This page describes how Datasmith imports scenes from Autodesk Revit into Unreal Editor. It follows the basic process outlined in the Datasmith Overview and About the Datasmith Import Process, but adds some special behavior that is specific to Revit. If you're planning to use Datasmith to import scenes from Revit into Unreal Editor, reading this page can help you understand how your scene is translated, and how you can work with the results in Unreal Editor.


Revit Workflow
Datasmith uses an Export Plugin workflow for Revit. This means that to get your Revit content into the Unreal Engine using Datasmith, you need to:
-
Install a plugin for Revit. See the Installation Notes section below.
-
Export your Revit content to a
*.udatasmith
file. See Exporting Datasmith Content from Revit.
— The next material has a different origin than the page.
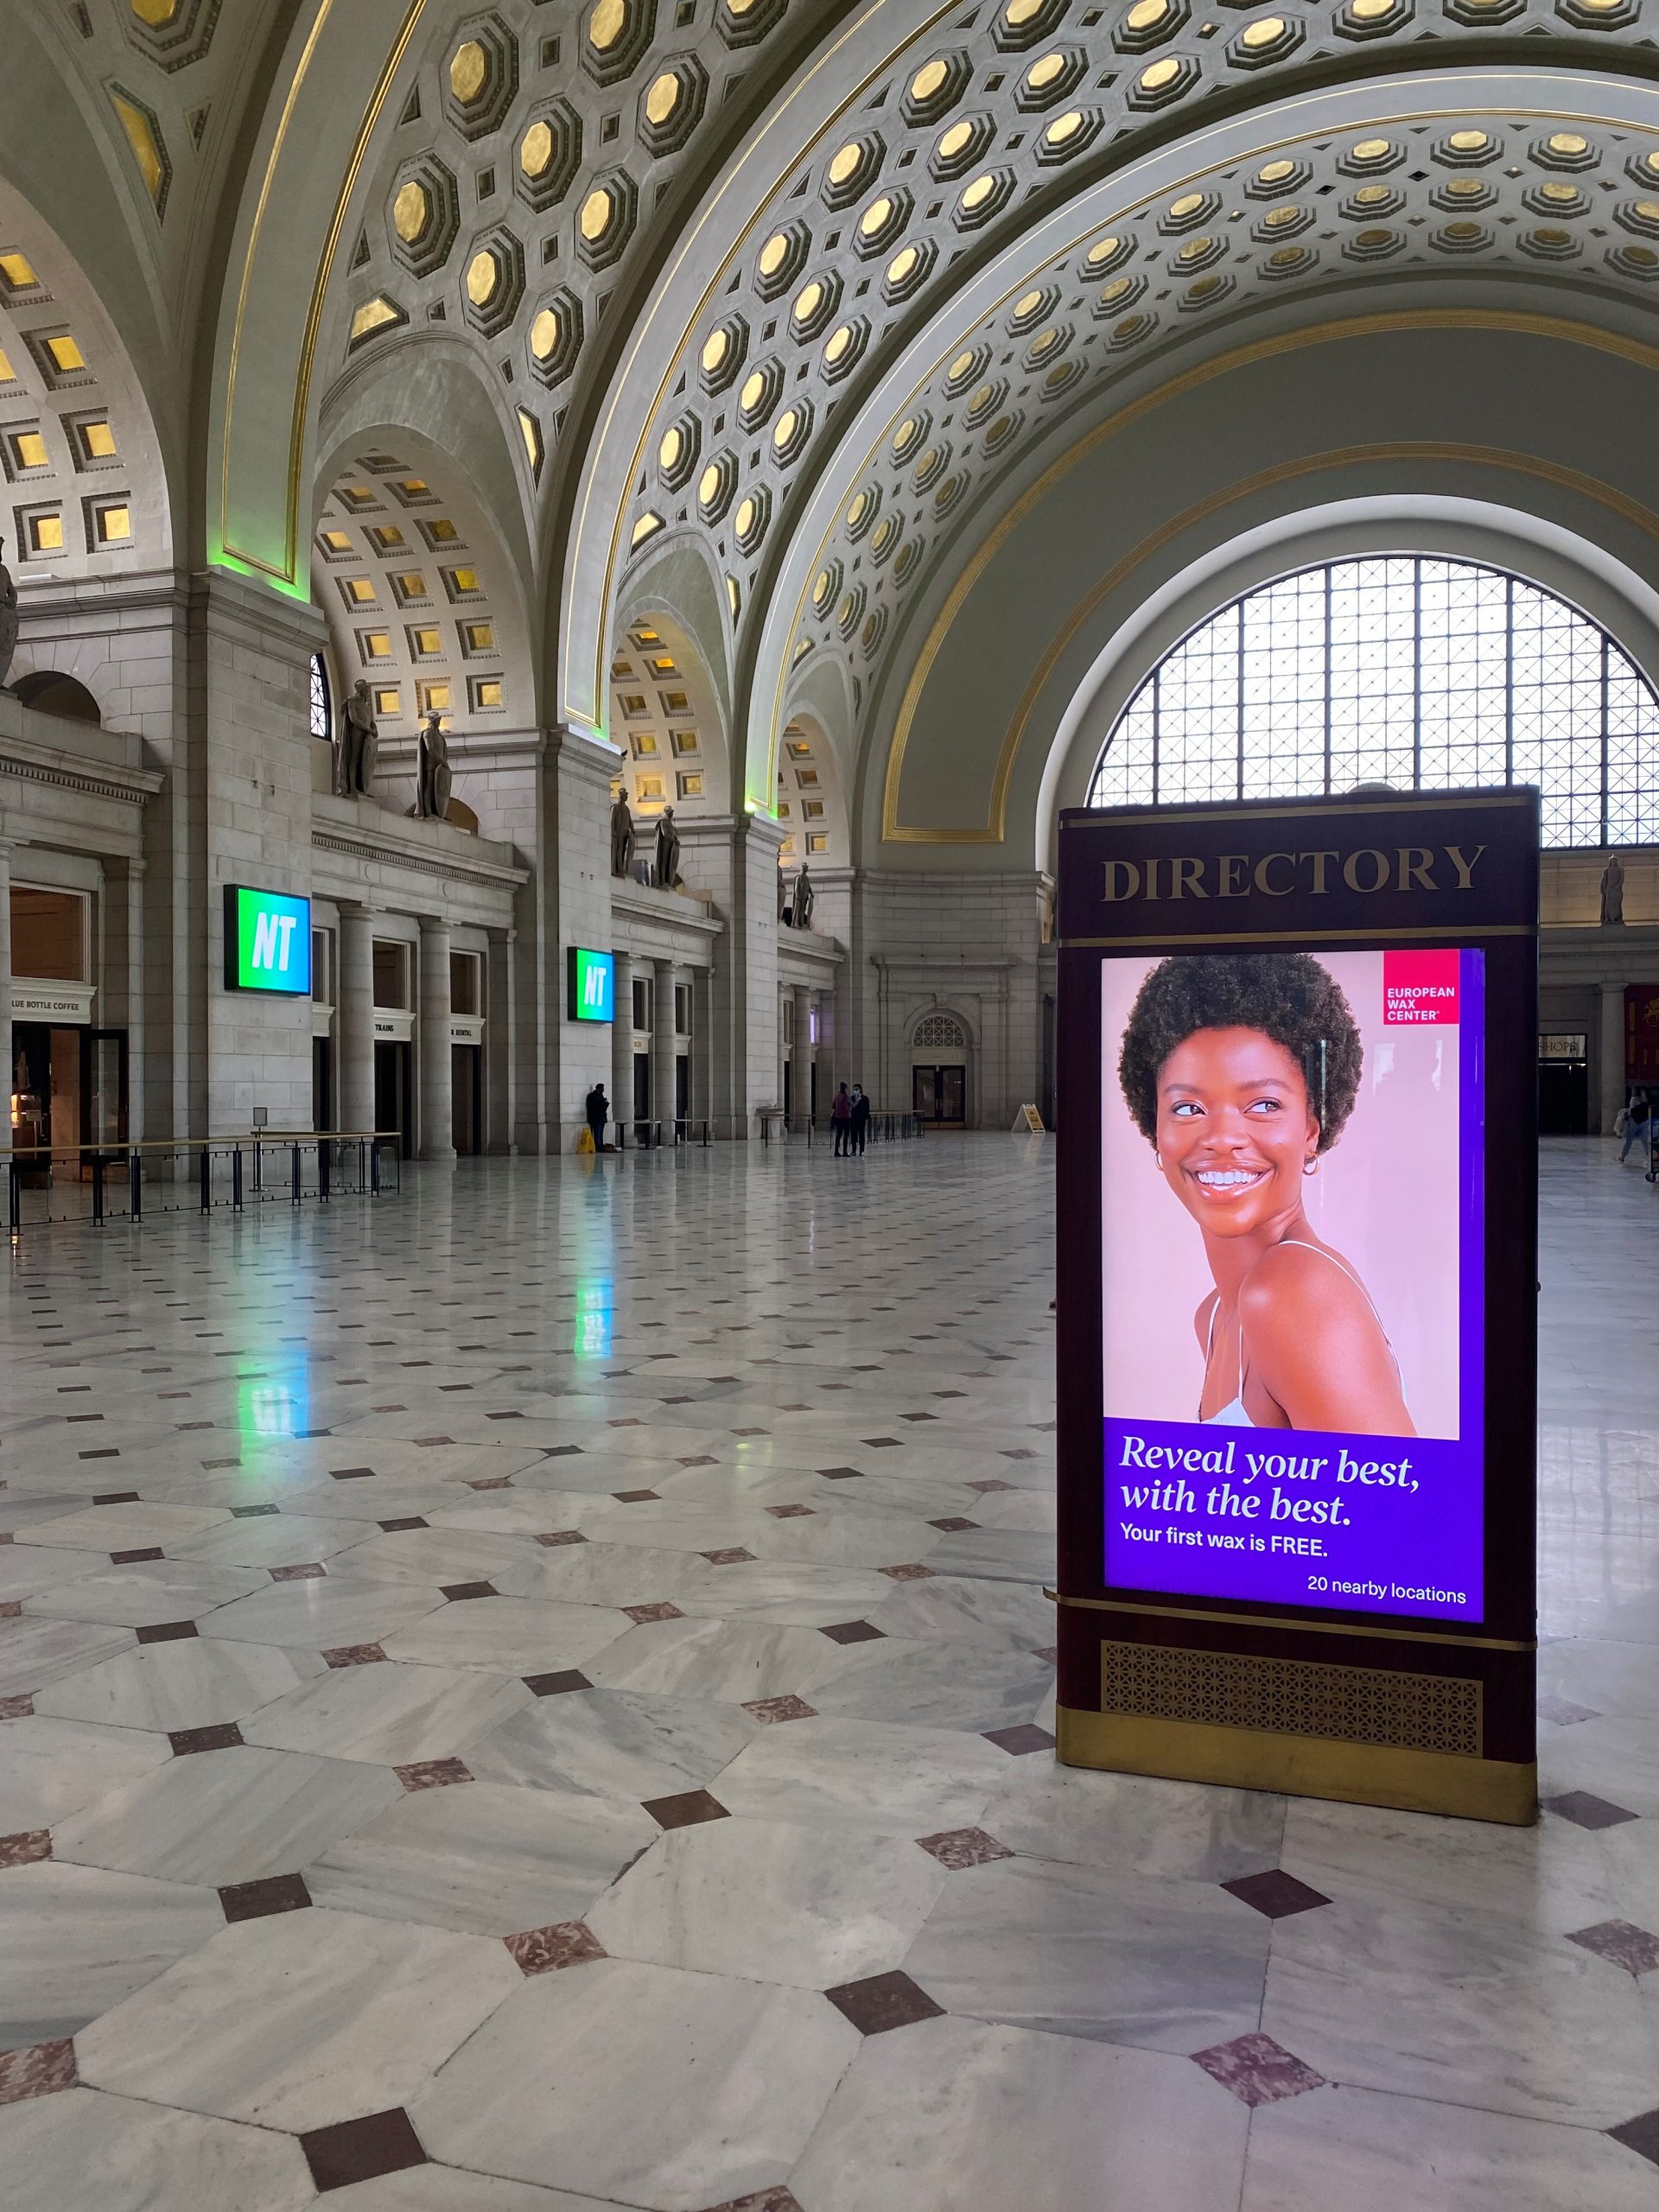 SmartLink Vantage Remote Device Monitoring and Control by Outdoorlink at Union Station DC with Samsung Digital Kiosks Consumer Group and

Alternatively, you can use Dynamo to batch export Revit views. -
Enable the Importers > Datasmith Importer Plugin for your Project, if it's not already enabled.
-
Use the Datasmith importer in the Toolbar of the Unreal Editor to import your
.udatasmith
file. See Importing Datasmith Content into Unreal Engine.
Installation Notes
Before you can export Revit content, you must download and install the Datasmith Exporter for Revit plugin from the Datasmith Export Plugins page.
To see what versions of Revit the plugin supports, see Datasmith Supported Software and File Types.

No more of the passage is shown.